A double-blind, placebo-controlled trial published in Clinical Infectious Diseases (2012;54, June 15) examined the effects of the seasonal influenza vaccine using a true inactive placebo (saline). This is notable because many vaccine trials use “active placebos” that contain vaccine components, which can complicate interpretation of side effects.
The study followed children ages 6–15 for an average of 272 days. Sixty-nine children received the trivalent inactivated influenza vaccine (TIV; Sanofi Pasteur’s Vaxigrip), and 46 received saline placebo.
The authors reported no statistically significant difference between the vaccinated and placebo groups in laboratory-confirmed seasonal influenza infection. However, based on serologic evidence, children who received the influenza vaccine showed a lower risk of influenza infection, suggesting some protective immune response.
Unexpectedly, the study found that children who received the influenza vaccine experienced a higher rate of non-influenza respiratory infections compared with the placebo group. The incidence of these other respiratory infections was reported to be approximately 5.5 times higher in the vaccinated group than in the placebo group.
The authors proposed that this finding might be related to temporary alterations in immune responses following vaccination, sometimes referred to as “virus interference,” though the exact mechanism remains unclear. They emphasized that the study was small and that further research would be required to confirm or refute this observation.
This study does not establish causation, but it raises questions about how influenza vaccination may influence susceptibility to other respiratory viruses and highlights the importance of continued investigation into broader immune effects of vaccination.
The table below summarizes laboratory-confirmed infections observed during the follow-up period:
Vaccinated
Any seasonal influenza: 58
H1N1 influenza: 58
Total influenza cases: 116
Placebo
Any seasonal influenza: 88
H1N1 influenza: 0
Total influenza cases: 88
Non-influenza respiratory viruses:
Vaccinated
Rhinovirus: 230
Coxsackie/Echovirus: 160
Other respiratory viruses: 97
Total non-influenza viruses: 487
Placebo
Rhinovirus: 59
Coxsackie/Echovirus: 0
Other respiratory viruses: 29
Total non-influenza viruses: 88
When interpreting these data, it is important to note that case counts reflect detected viral episodes, not the number of individuals infected, and that the vaccinated and placebo groups were unequal in size (69 vaccinated vs. 46 placebo). These factors limit direct risk comparisons.
The authors reported no statistically significant difference in laboratory-confirmed influenza infection between the vaccinated and placebo groups. Serologic testing, however, suggested that vaccinated children had evidence of increased influenza-specific immunity.
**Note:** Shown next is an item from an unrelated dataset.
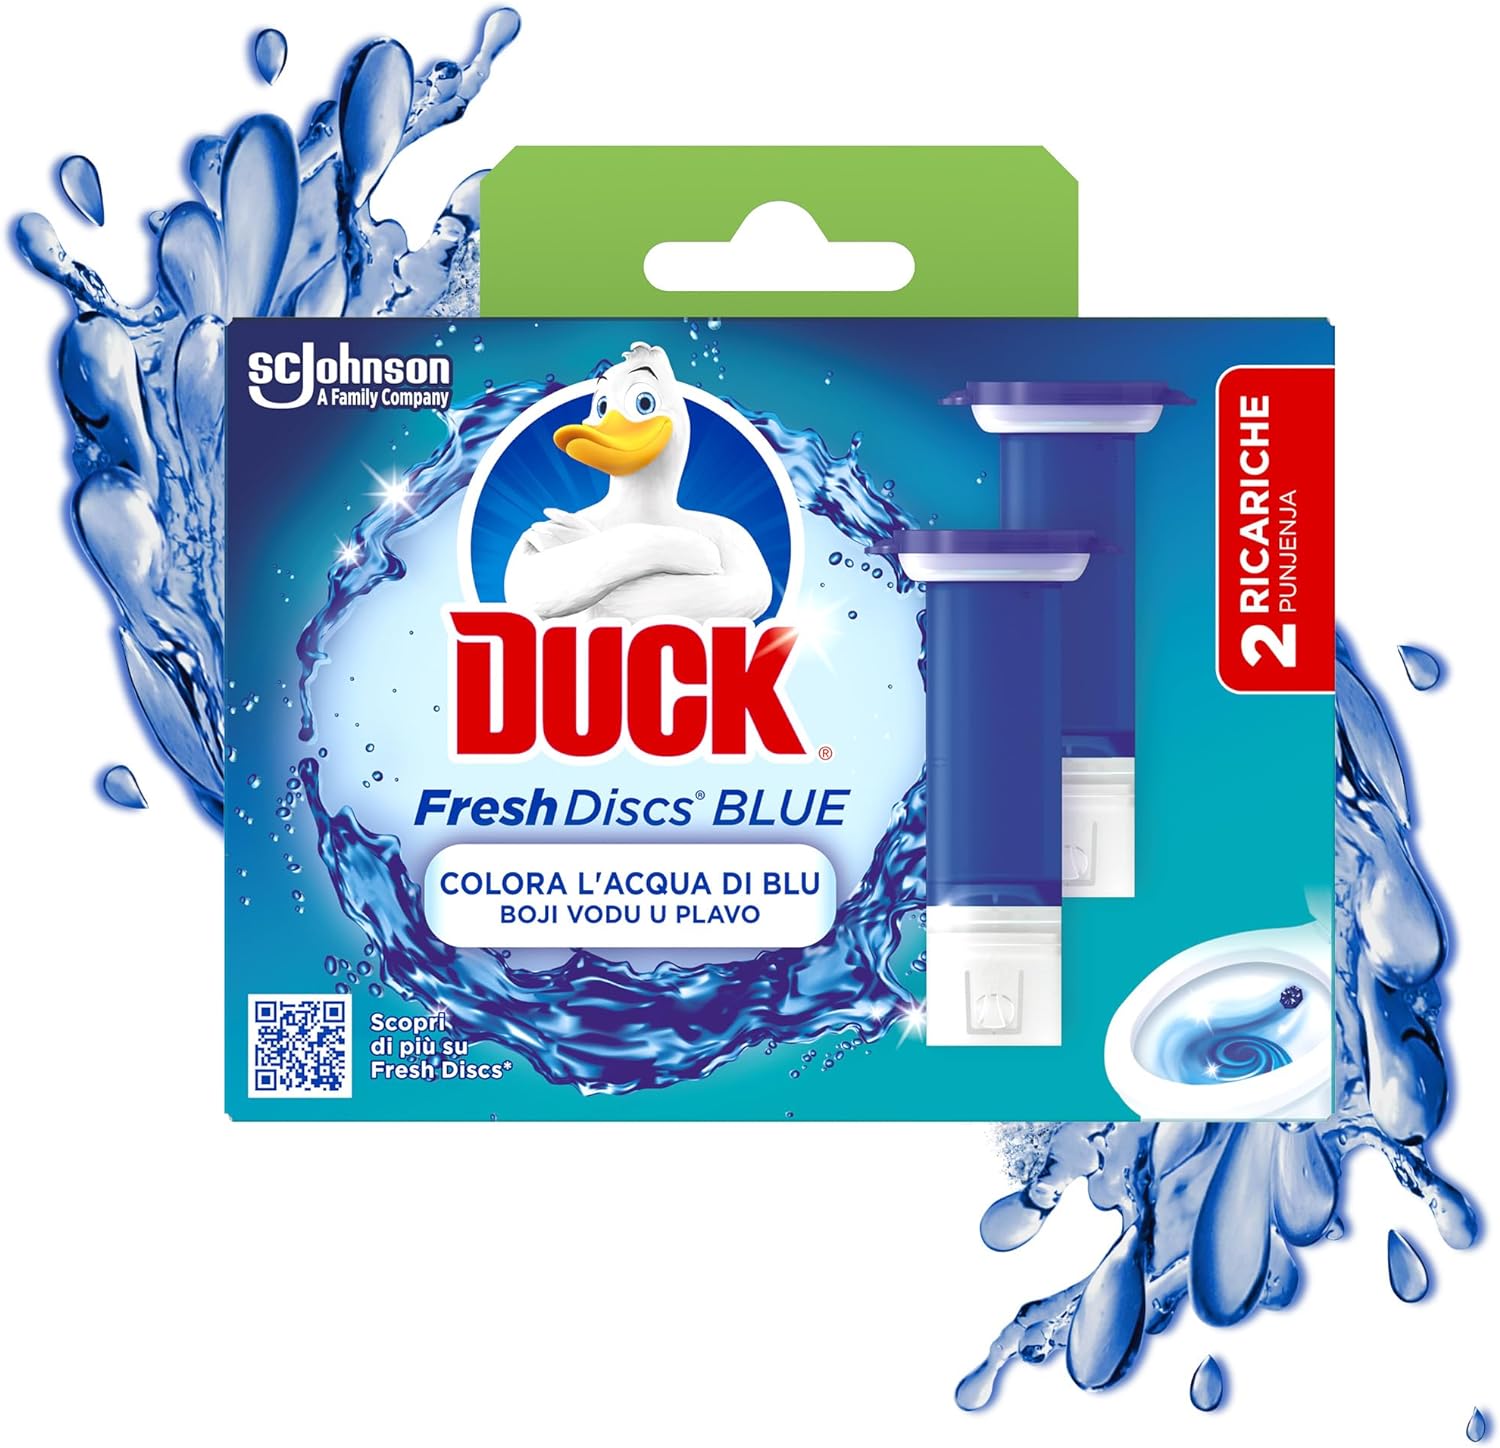 Duck Fresh Discs Blue 2 Ricariche da 6 Dischi Gel Igienizzanti WC per Bagno.
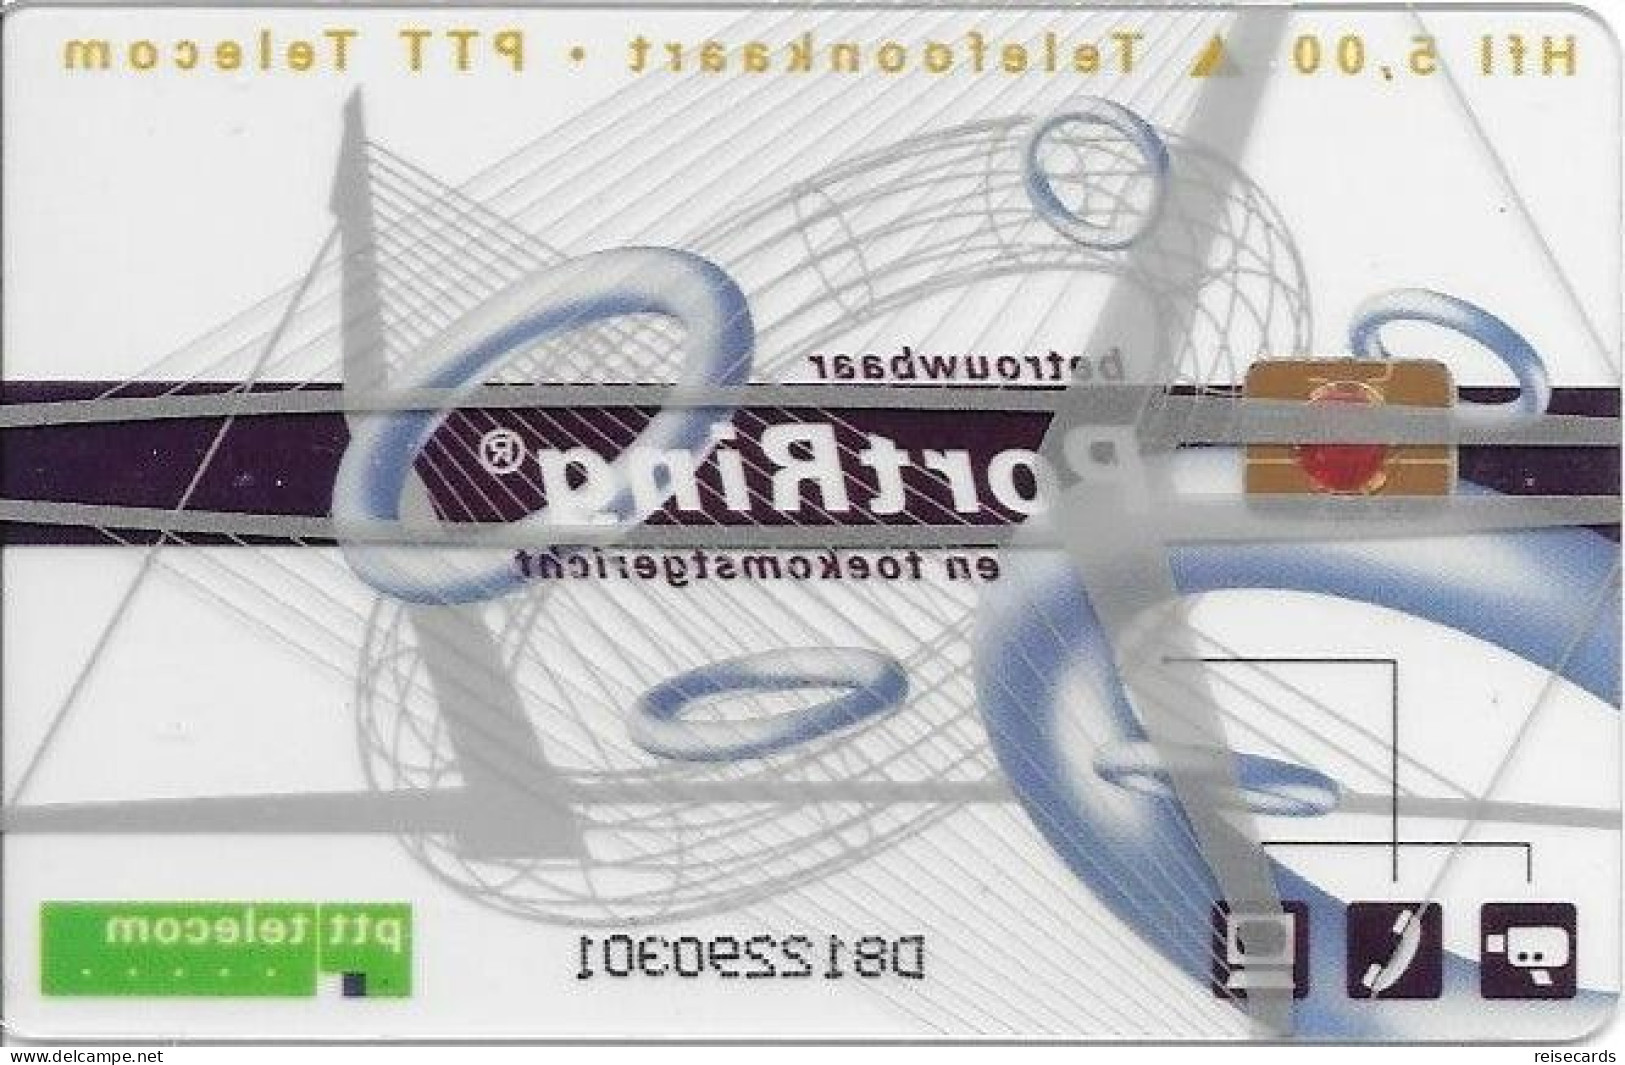 Netherlands: Ptt Telecom - 1997 PortRing. Mint, Transparent - Openbaar

The most striking finding was the higher number of non-influenza respiratory viral infections observed in the vaccinated group. When analyzed by the study authors, recipients of the trivalent inactivated influenza vaccine experienced approximately a 5.5-fold higher risk of non-influenza respiratory infections compared with the placebo group.
The authors cautioned against over-interpretation and offered several possible explanations. As they stated:
“Receipt of TIV could increase influenza immunity at the expense of reduced immunity to non-influenza respiratory viruses, by some unknown biological mechanism. Alternatively, our results could be explained by temporary nonspecific immunity after influenza virus infection, through the cell-mediated response or, more likely, the innate immune response to infection.”
In other words, the findings raise the possibility of viral interference or short-term immune trade-offs, but do not establish causation. The authors emphasized that the study was small, involved children only, and required confirmation in larger and more diverse populations.
This study highlights the complexity of immune responses to vaccination and underscores the importance of evaluating not only disease-specific protection, but also broader effects on immune function.